──────── Extracted entries

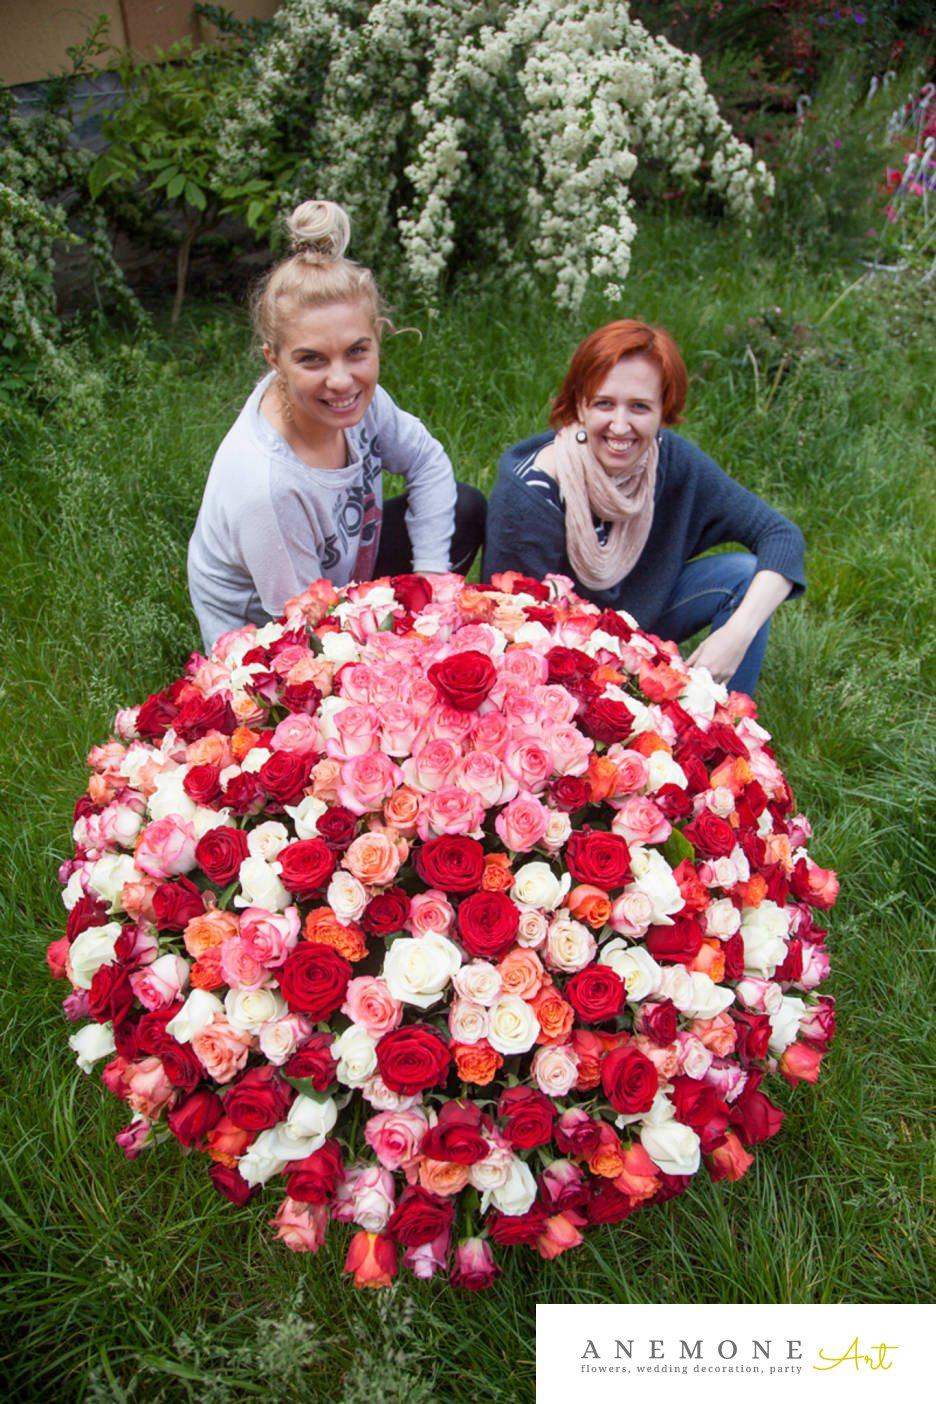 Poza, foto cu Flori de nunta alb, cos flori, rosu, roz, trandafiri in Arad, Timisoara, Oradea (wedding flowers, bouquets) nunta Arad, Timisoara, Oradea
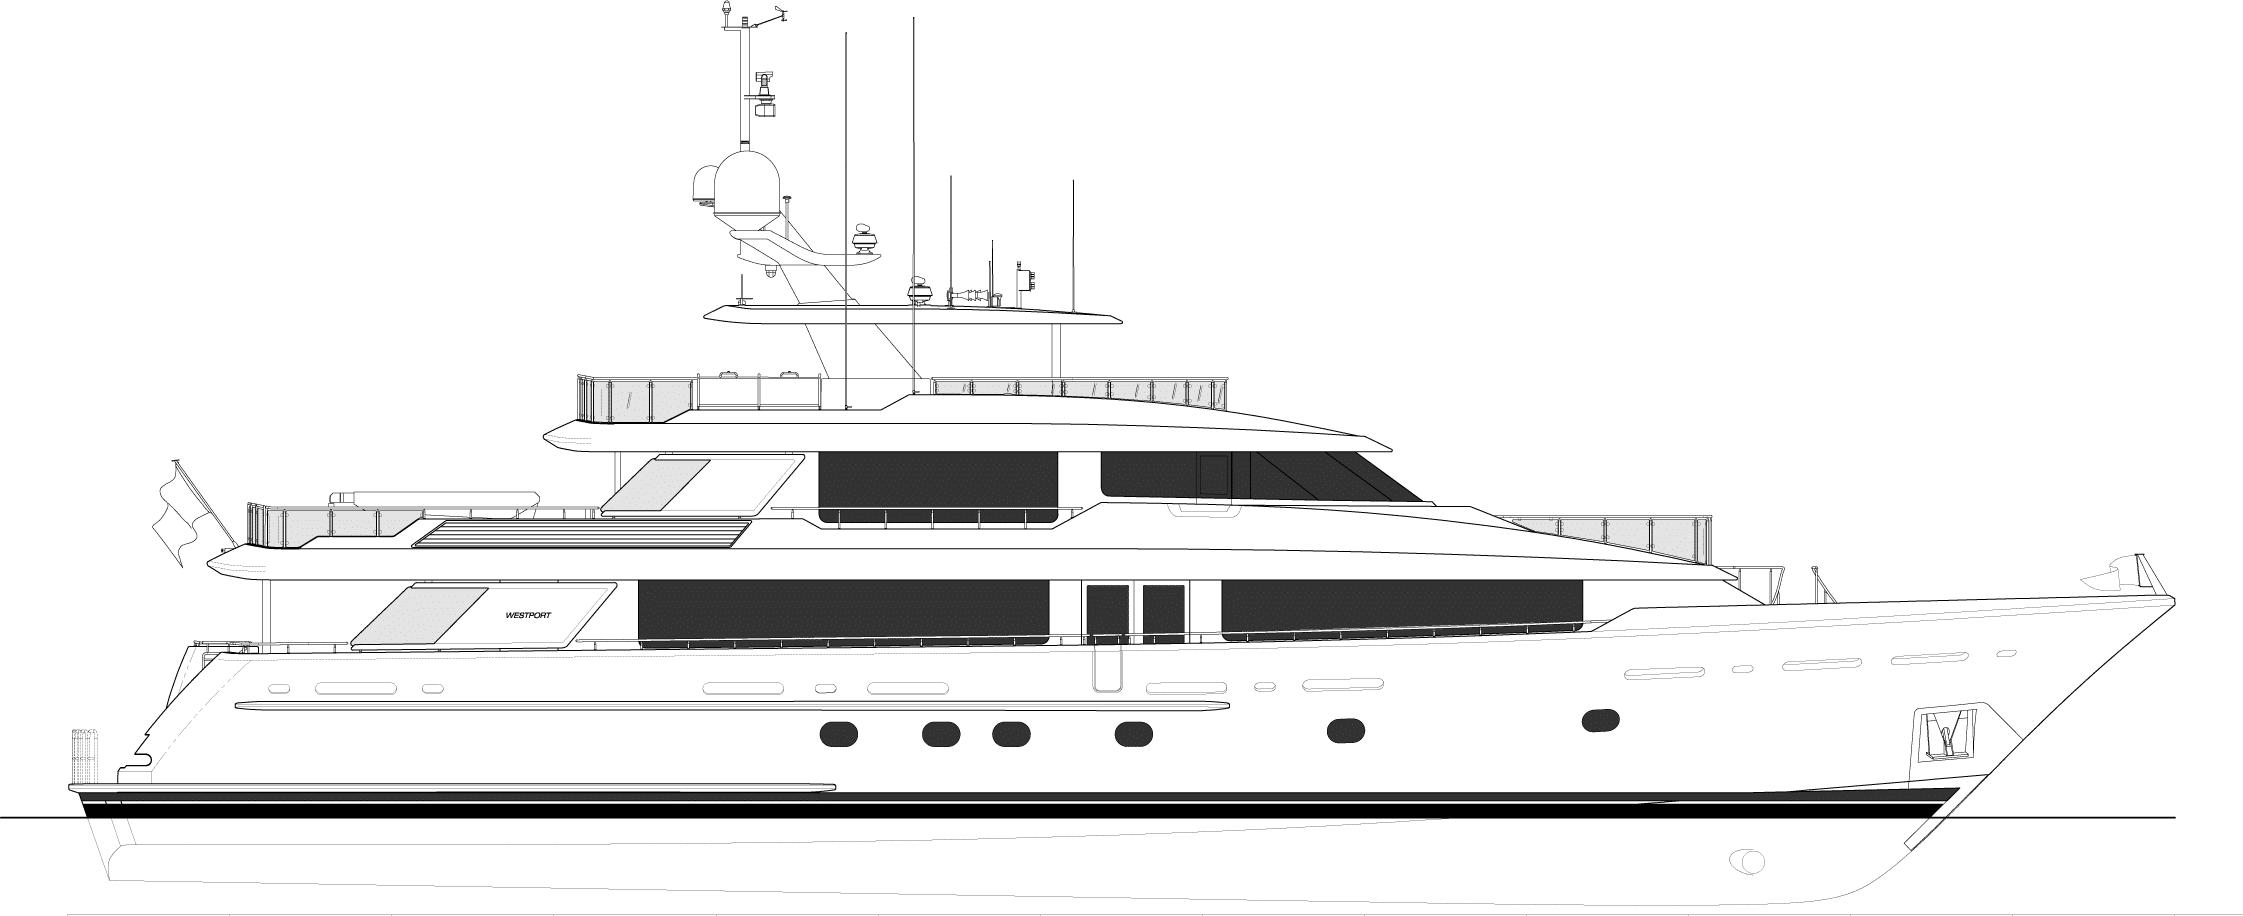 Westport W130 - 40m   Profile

────────────────
──────── Extracted entries

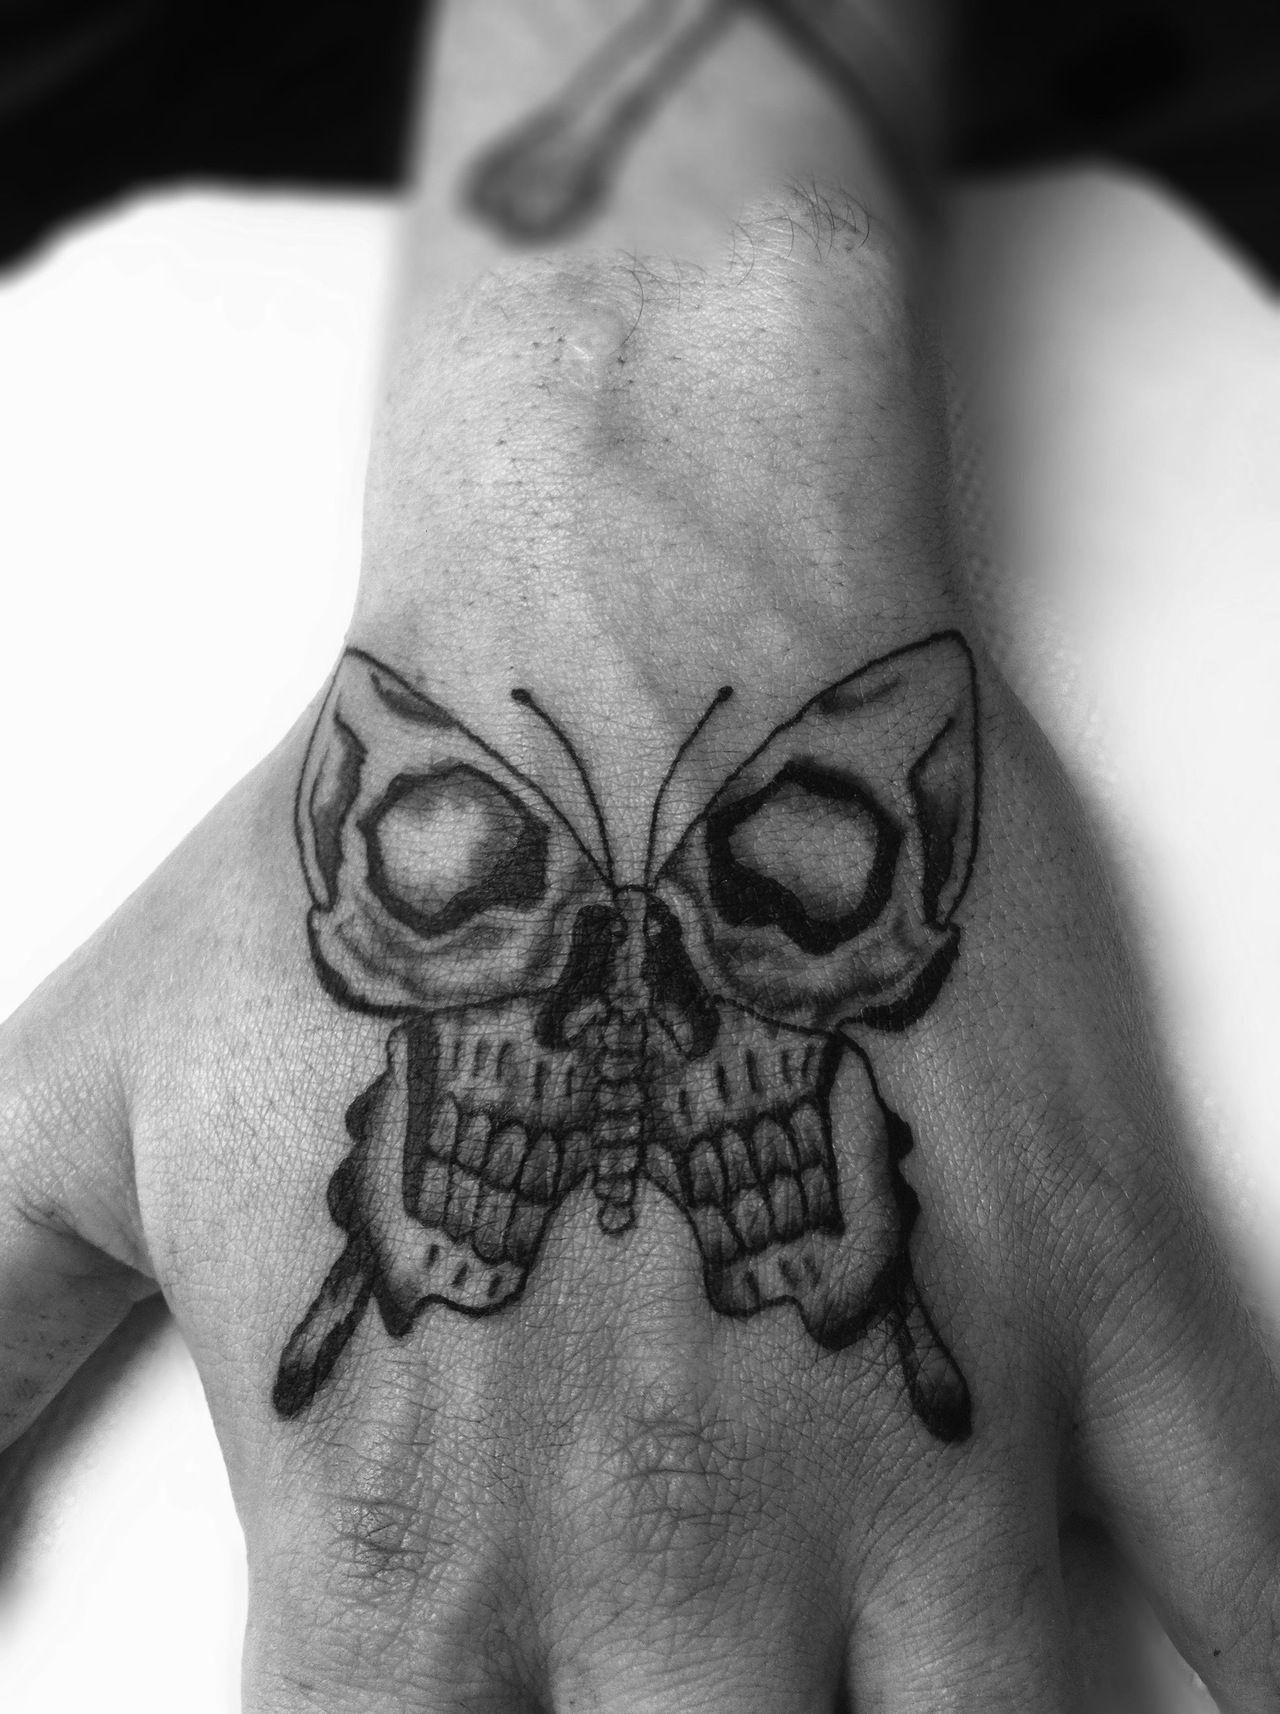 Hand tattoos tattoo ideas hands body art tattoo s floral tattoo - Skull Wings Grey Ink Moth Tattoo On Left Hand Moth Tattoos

────────────────
──────── Extracted entries

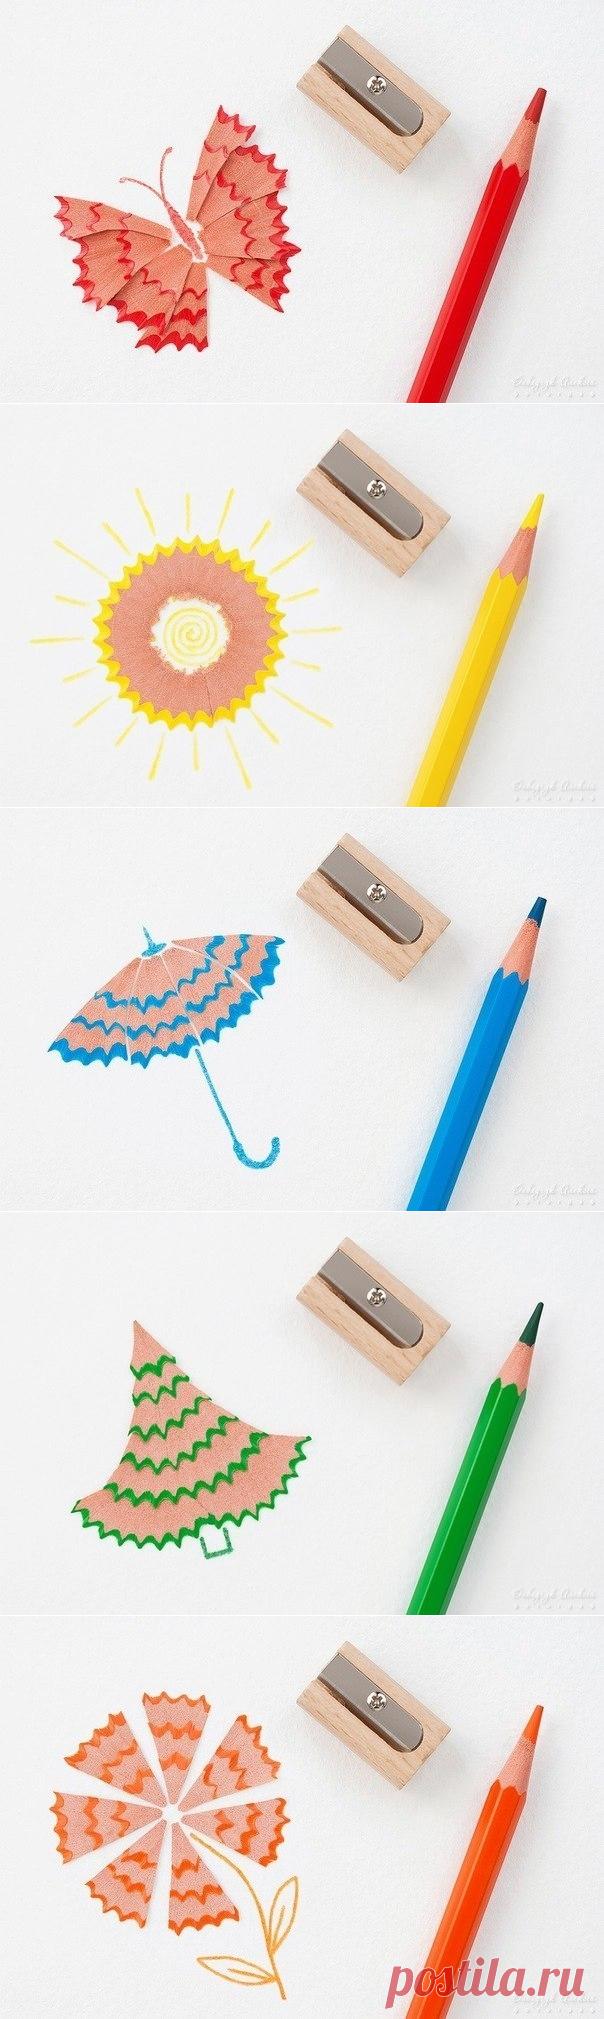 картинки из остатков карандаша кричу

────────────────

### How to complete this task
Excluding any pictures, print exactly the lines of the listing above from the line with "Poza, foto cu" to the line with "Westport W130 - 40m", both ends included.

### Answer space
 Poza, foto cu Flori de nunta alb, cos flori, rosu, roz, trandafiri in Arad, Timisoara, Oradea (wedding flowers, bouquets) nunta Arad, Timisoara, Oradea
 Westport W130 - 40m   Profile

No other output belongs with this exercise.